Michael Burke: One of the main objections to the government adopting measures to boost the economy is the concept, or more accurately the notion, of 'leakage'. That is, the mantra goes, we are a small open economy and if the government boosts activity it will all leak abroad via imports.
This objection would be simply ridiculous, if the outcome weren't so serious. That's because it completely misunderstands some of the most fundamental processes in this (or any other economy). Of these, the most important to note here is that the division of labour increases productivity. For all but the very largest economies this means participation in the international division of labour. When there is a high level of participation in the globl economy (international division of labour), such as there is here, imports are primarily used as inputs in production, not consumption. Furthermore, most of that producion is for re-export, whose value significantly exceeds the value of all imports.
If, say, oil is imported that is counted as a debit in the national accounts even if it is only an input into the generation of electricity or production of glassware, production of transport services, etc. In the latest data the total use of imports in this economy was €112.8bn. But the final consumption of imports was just €23.4bn. The remainder were inputs for production and re-export.
The spreadsheet can be found here.
Yet no sensible person thinks that this should be halted. On the contrary, it needs to developed as this adding of value is the basis of any country’s prosperity. In particular it is the primary source of this economy's increased prosperity over several decades.
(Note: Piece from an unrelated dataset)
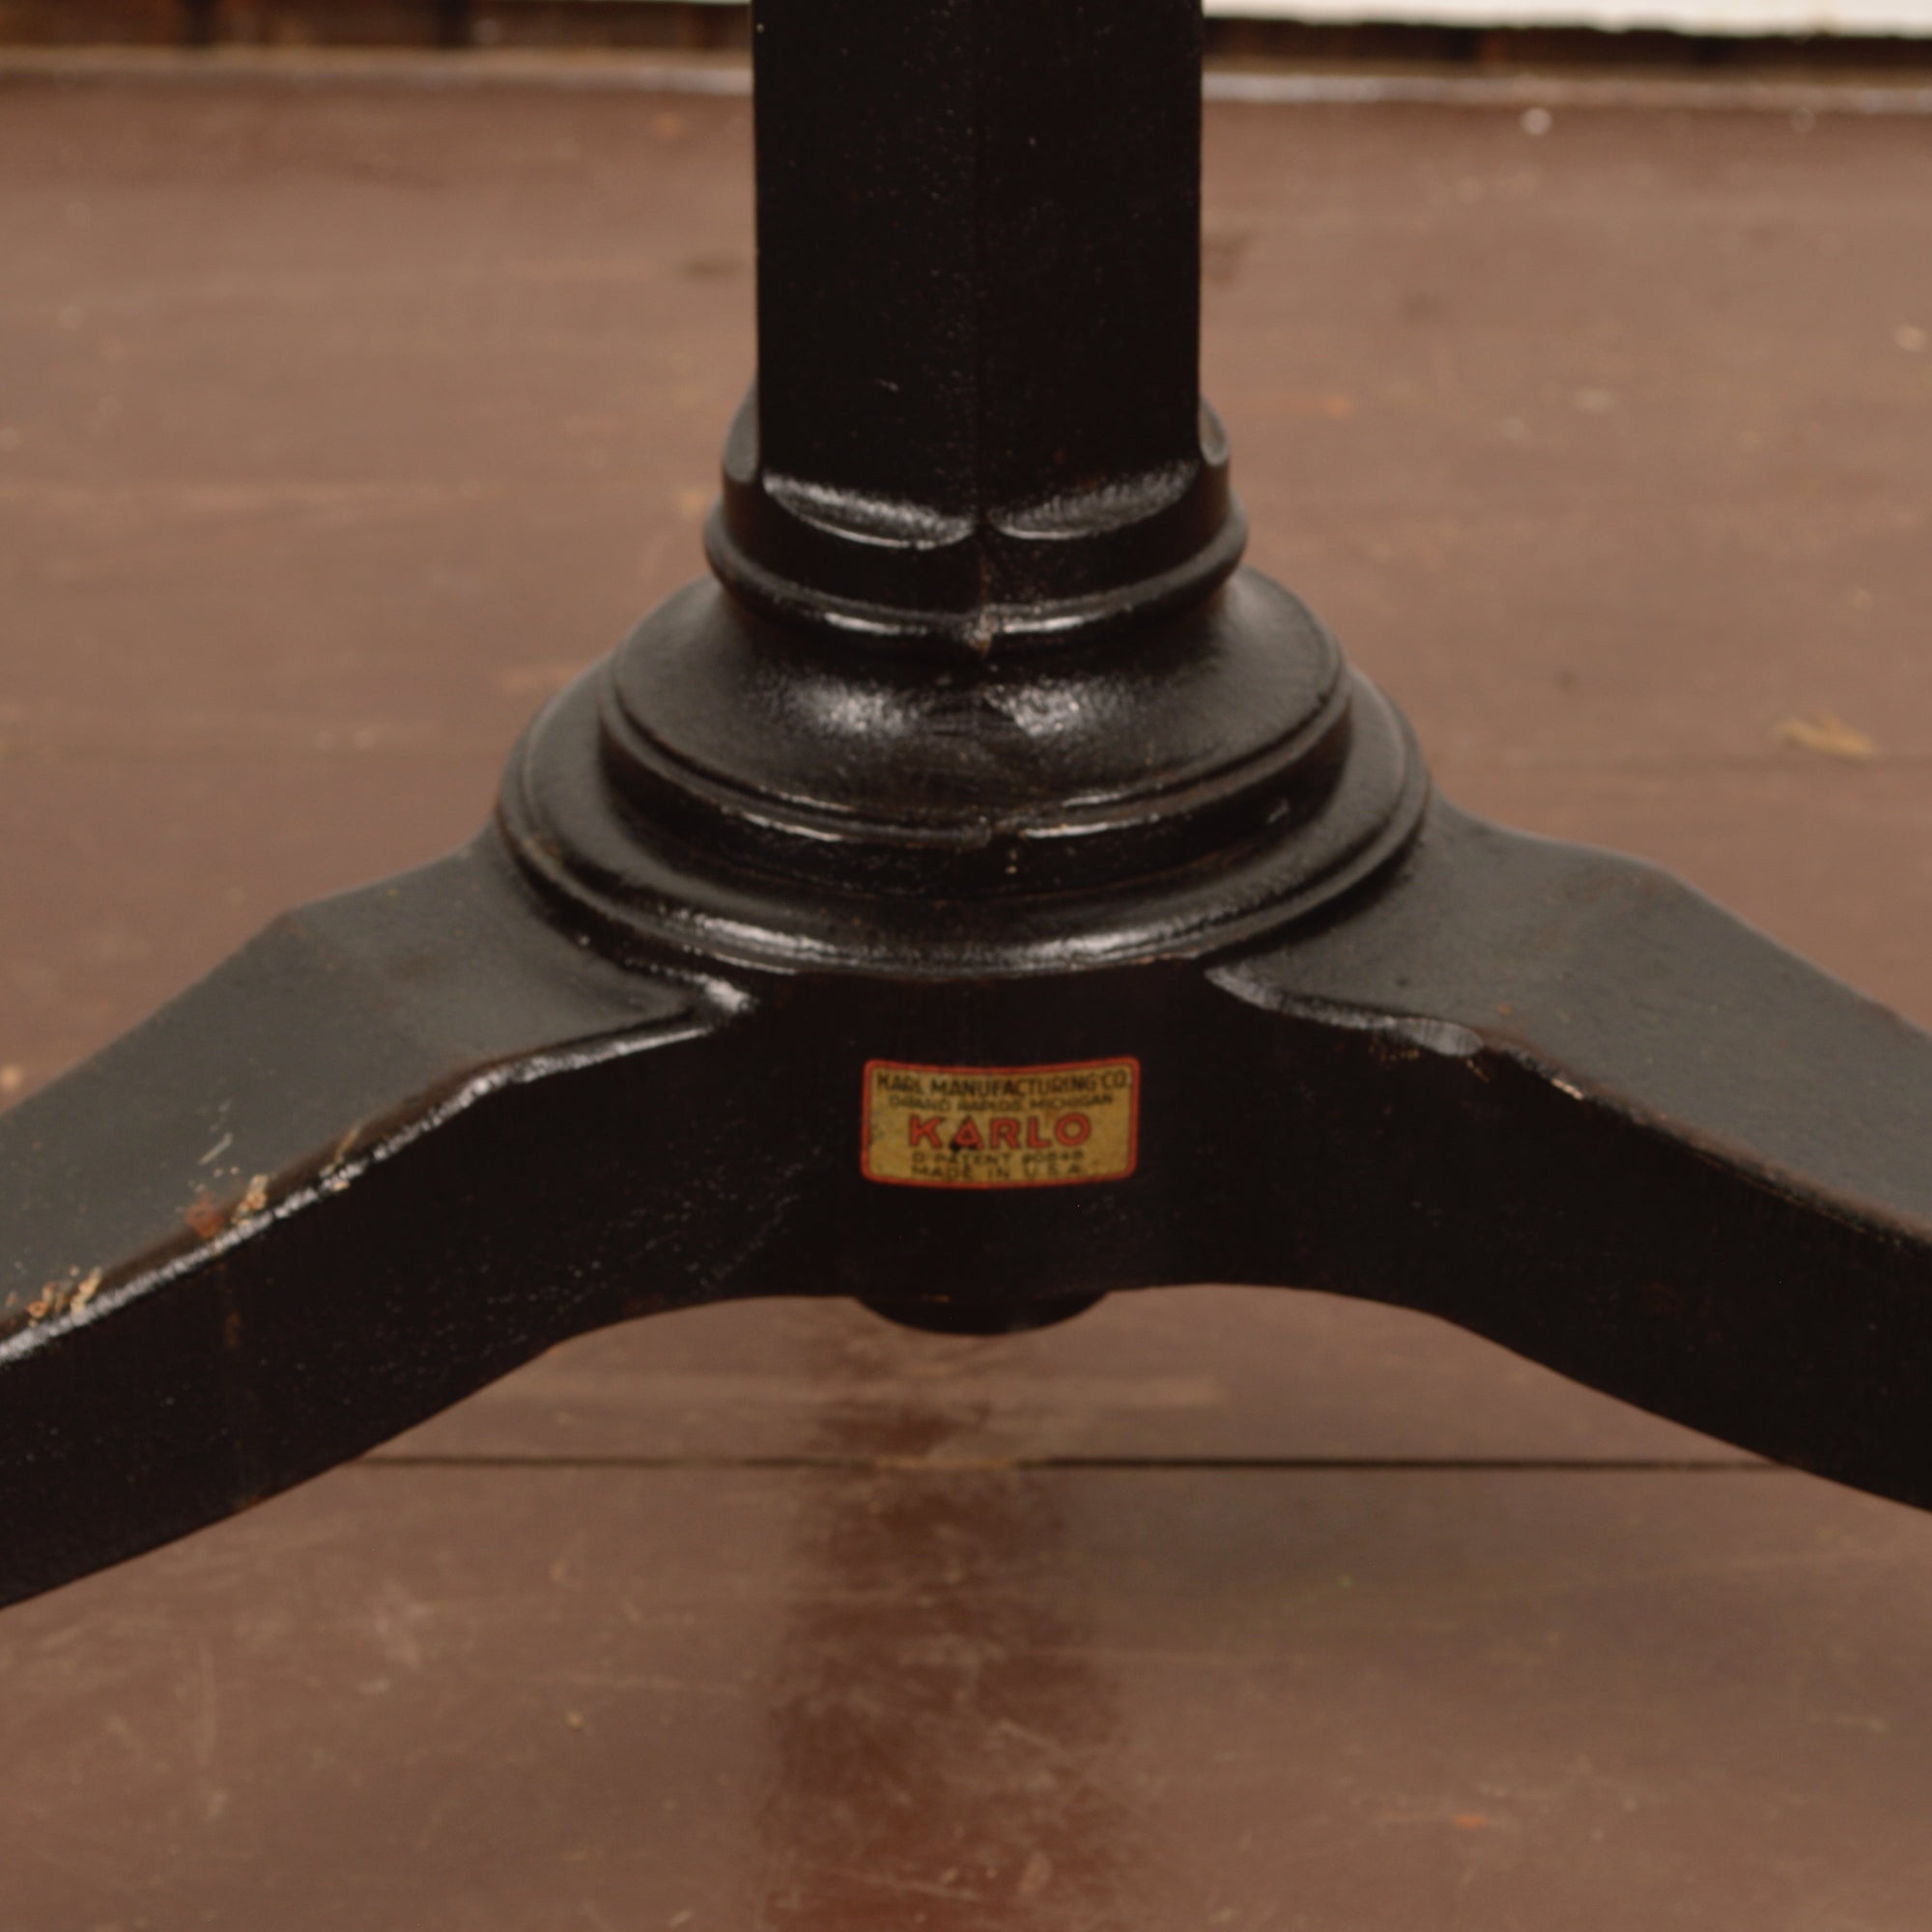 Karlo Cast Iron Adjustable Table Salvage-Garden
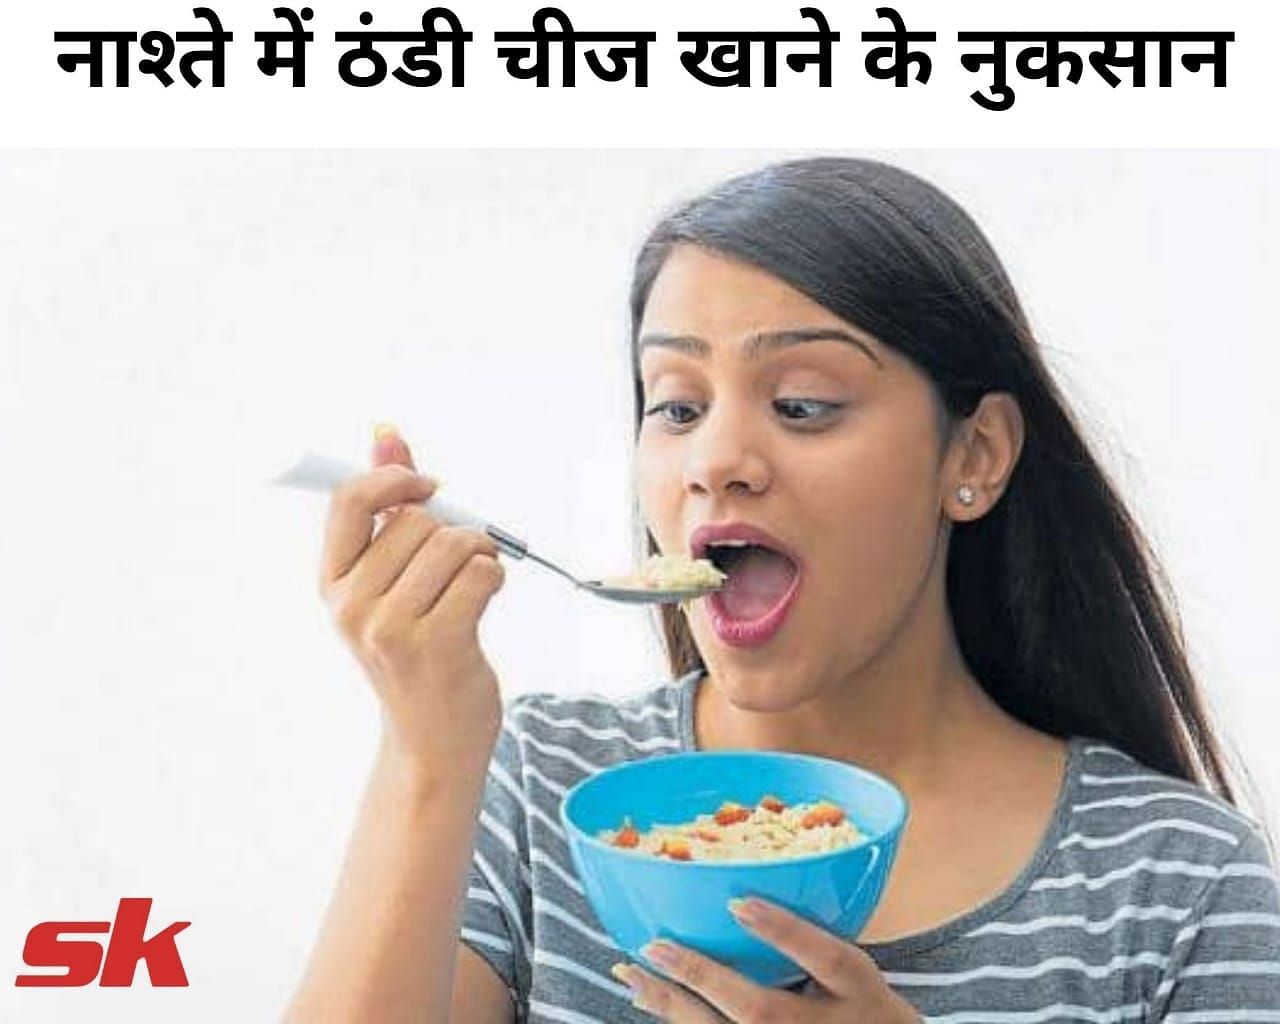 नाश्ते में ठंडी चीज खाने के नुकसान (फोटो - sportskeeda hindi)

What opponents of measures to boost the economy seem to have in mind is the personal consumption of imports. Perhaps the belief is that the masses are chewing too much chorizo, or swilling too much chardonnay. But in the same year, personal consumption of imports was just €10.6bn, just 9.4% of the total import bill. It was also just 10.7% of total personal consumption of €98.7bn. The overwheliming bulk of personal consumption is of goods and servces produced here (mainly the latter).
These ratios are lower than in many countries which did adopt measures to boost growth. They in no way undermine the case for government action to revive the economy.